Generators are exhaustive as well, this is good as it does lazy computation:


In [22]: import math
In [23]: def factorials(n):
    ...:     for i in range(n):
    ...:         yield math.factorial(i)
    ...:
In [24]: facts = factorials(5)
In [25]: list(facts)
Out[25]: [1, 1, 2, 6, 24]
In [26]: list(facts)
Out[26]: []
In [27]: next(facts)
StopIteration:

Making an Iterable from a Generator

As we now know, generators are iterators.

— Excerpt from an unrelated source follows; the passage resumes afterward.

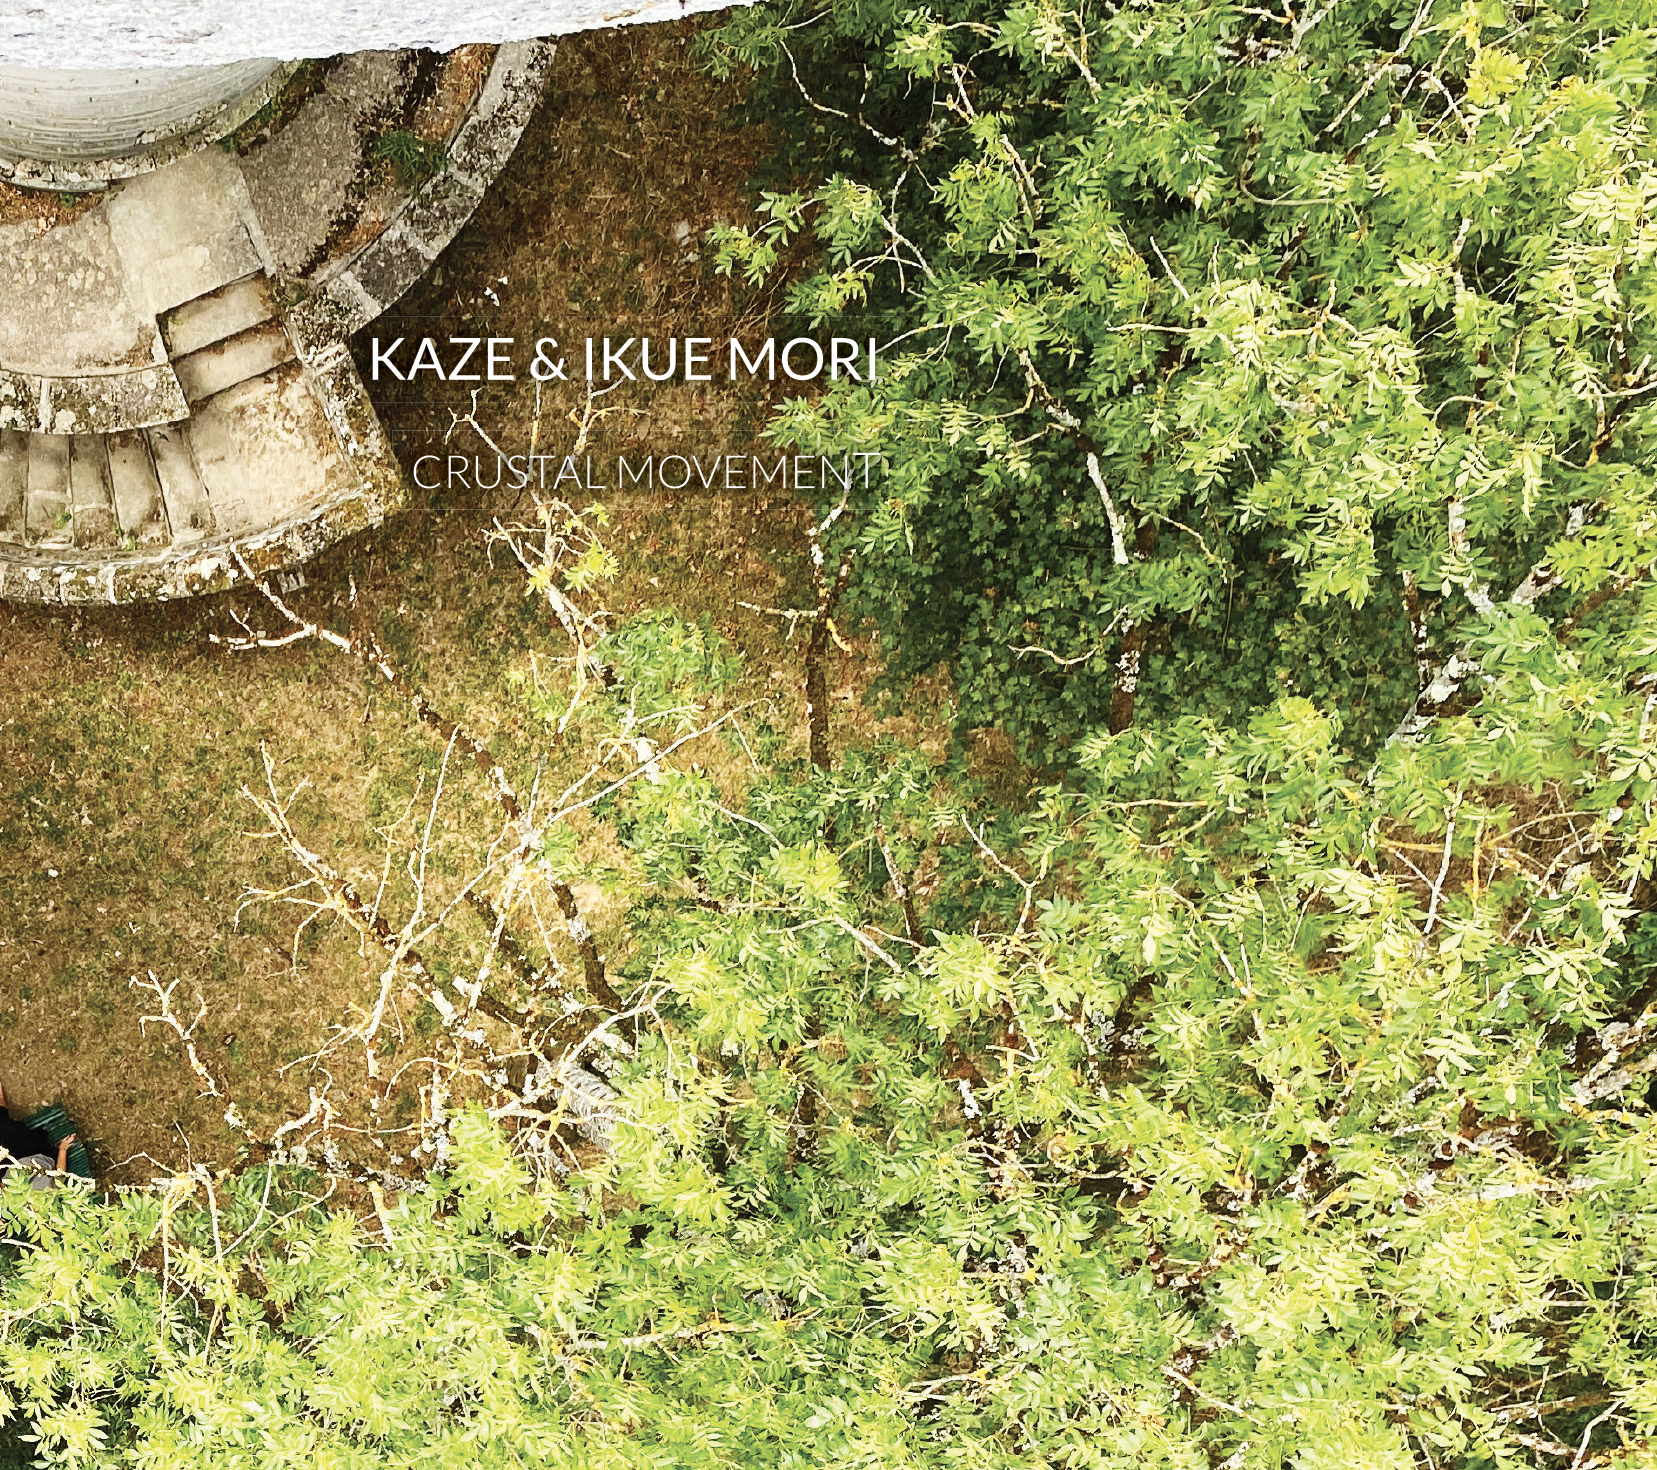 Kaze Ikue Mori Crustal Movement

This means that they become exhausted - so sometimes we want to create an iterable instead. There's no magic here, we simply have to implement a class that implements the iterable protocol:


In [28]: def squares_gen(n):
    ...:     for i in range(n):
    ...:         yield i ** 2
    ...:
In [29]: class Squares:
    ...:     def __init__(self, n):
    ...:         self.n = n
    ...:
    ...:     def __iter__(self):
    ...:         return squares_gen(self.n)
    ...:
In [30]: sq = Squares(5)
In [31]: [num for num in sq]
Out[31]: [0, 1, 4, 9, 16]
In [32]: [num for num in sq] # No longer exhaustive
Out[32]: [0, 1, 4, 9, 16]

Generator Expressions

Just like list comprehension, if we replace [ with (, we get generator:


In [33]: l = [i ** 2 for i in range(5)]
In [34]: type(l)
Out[34]: list
In [35]: g = (i ** 2 for i in range(5))
In [36]: type(g)
Out[36]: generator
In [37]: for item in g:
    ...:     print(item)
0
1
4
9
16
In [38]: for item in g:
    ...:     print(item)

To understand what is happening internal, we can use dis library:


In [42]: exp = compile('(i ** 2 for i in range(5))', filename='<string>', mode='eval')
In [43]: dis.dis(exp)
  1           0 LOAD_CONST               0 (<code object <genexpr> at 0x108928240, file "<string>", line 1>)
              2 LOAD_CONST               1 ('<genexpr>')
              4 MAKE_FUNCTION            0
              6 LOAD_NAME                0 (range)
              8 LOAD_CONST               2 (5)
             10 CALL_FUNCTION            1
             12 GET_ITER
             14 CALL_FUNCTION            1
             16 RETURN_VALUE
Disassembly of <code object <genexpr> at 0x108928240, file "<string>", line 1>:
  1           0 LOAD_FAST                0 (.0)
        >>    2 FOR_ITER                14 (to 18)
              4 STORE_FAST               1 (i)
              6 LOAD_FAST                1 (i)
              8 LOAD_CONST               0 (2)
             10 BINARY_POWER
             12 YIELD_VALUE
             14 POP_TOP
             16 JUMP_ABSOLUTE            2
        >>   18 LOAD_CONST               1 (None)
             20 RETURN_VALUE

Another example of generator expressions:


In [44]: start = 1
    ...: stop = 10
    ...:
    ...: mult_list = ( [i * j
    ...:                for j in range(start, stop+1)]
    ...:              for i in range(start, stop+1))
In [45]: for item in mult_list:
    ...:     print(item)
    ...:
[1, 2, 3, 4, 5, 6, 7, 8, 9, 10]
[2, 4, 6, 8, 10, 12, 14, 16, 18, 20]
[3, 6, 9, 12, 15, 18, 21, 24, 27, 30]
[4, 8, 12, 16, 20, 24, 28, 32, 36, 40]
[5, 10, 15, 20, 25, 30, 35, 40, 45, 50]
[6, 12, 18, 24, 30, 36, 42, 48, 54, 60]
[7, 14, 21, 28, 35, 42, 49, 56, 63, 70]
[8, 16, 24, 32, 40, 48, 56, 64, 72, 80]
[9, 18, 27, 36, 45, 54, 63, 72, 81, 90]
[10, 20, 30, 40, 50, 60, 70, 80, 90, 100]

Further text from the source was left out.